───年─月──日
ミズキがせっかくDA情報部に解析させた写真を
一瞬でクルミがさらに高解像度のものに解析し直したと私に愚痴ってきた。
これは決してDA情報部が劣っているわけではなく、言ってしまえば比較対象が悪いだけなのだが
元・情報部のミズキとしては相当悔しかったのだろう。
この話を聞きつつ…私は笑い出しそうになるのをなんとか堪えていた。
なぜかと言えば。
ついに本編3話、即ち千束とたきなのハグ→百合ゴーランド確殺コンボが見られるからだ。

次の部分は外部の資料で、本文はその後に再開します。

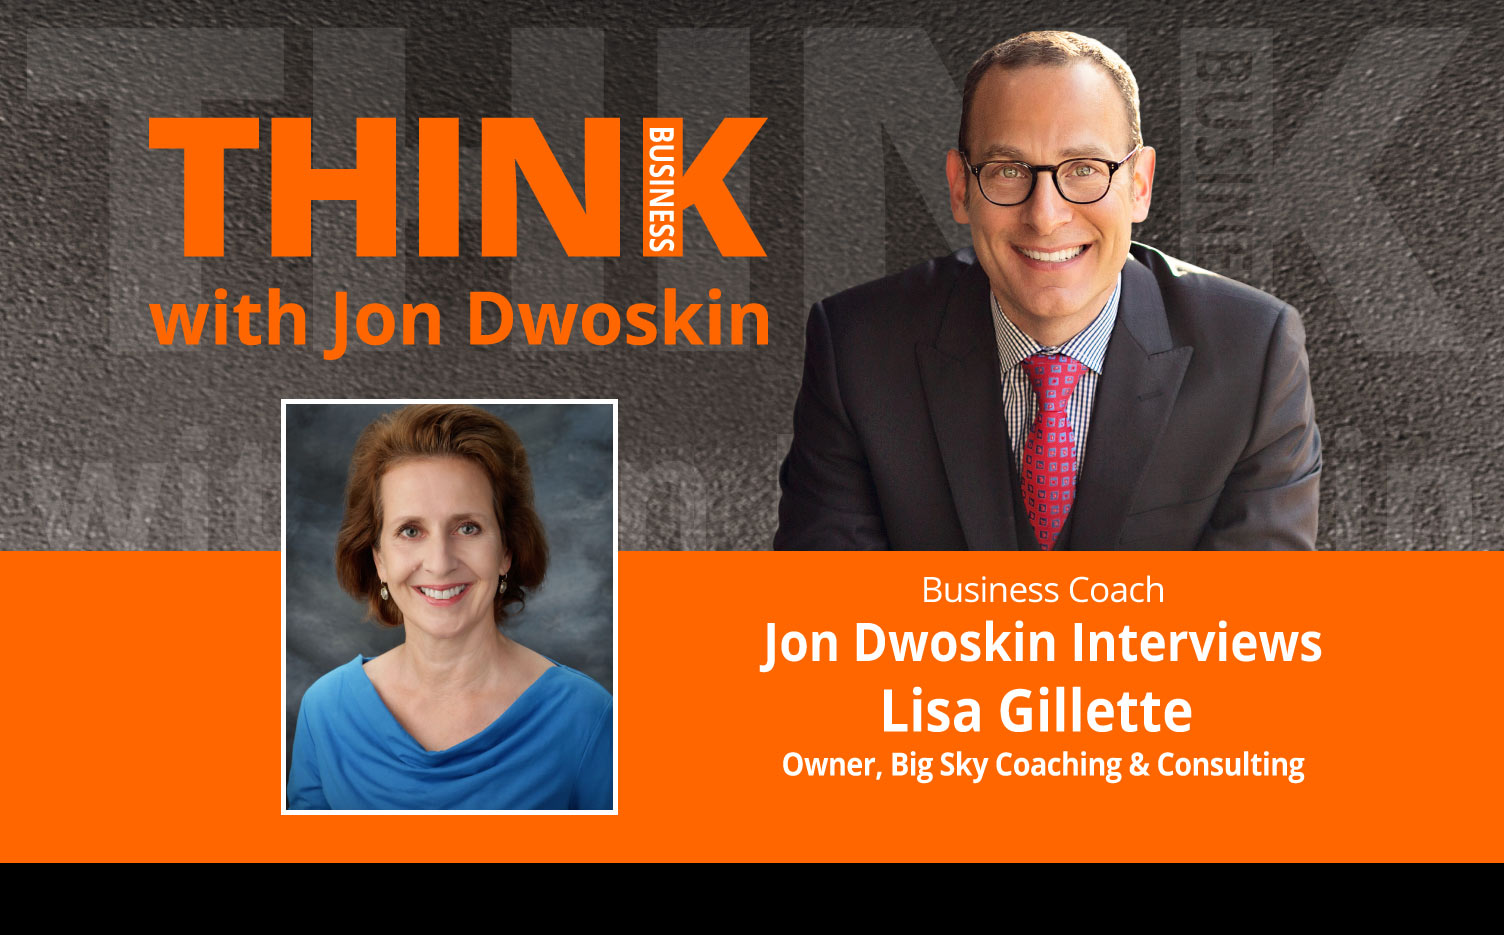 THINK Business Podcast: Jon Dwoskin Interviews Lisa Gillette, Owner, Big Sky Coaching & Consulting

薄れつつある前世の記憶の中でも一際輝く「ちさたき」の超重要イベント。
これだけは絶対に見逃すわけにはいかない。
念のために、千束にそれとなくたきなも本部に行くのか聞いてみたところ
一緒に行くよ、と言っていたのでたきなも同行することはまず間違いない。
明日、あの場所から真の意味で二人の道が重なるのだ。
◆
「──ここだと思った。リコリスはみんな好きだもんねー。ここ」
そこはDA本部のリコリス達が暮らす寮内にある、大きな噴水の前だった。リコリス達の憩いの場所…って言えばいいのかな。私もよく百合とここに来てたっけ。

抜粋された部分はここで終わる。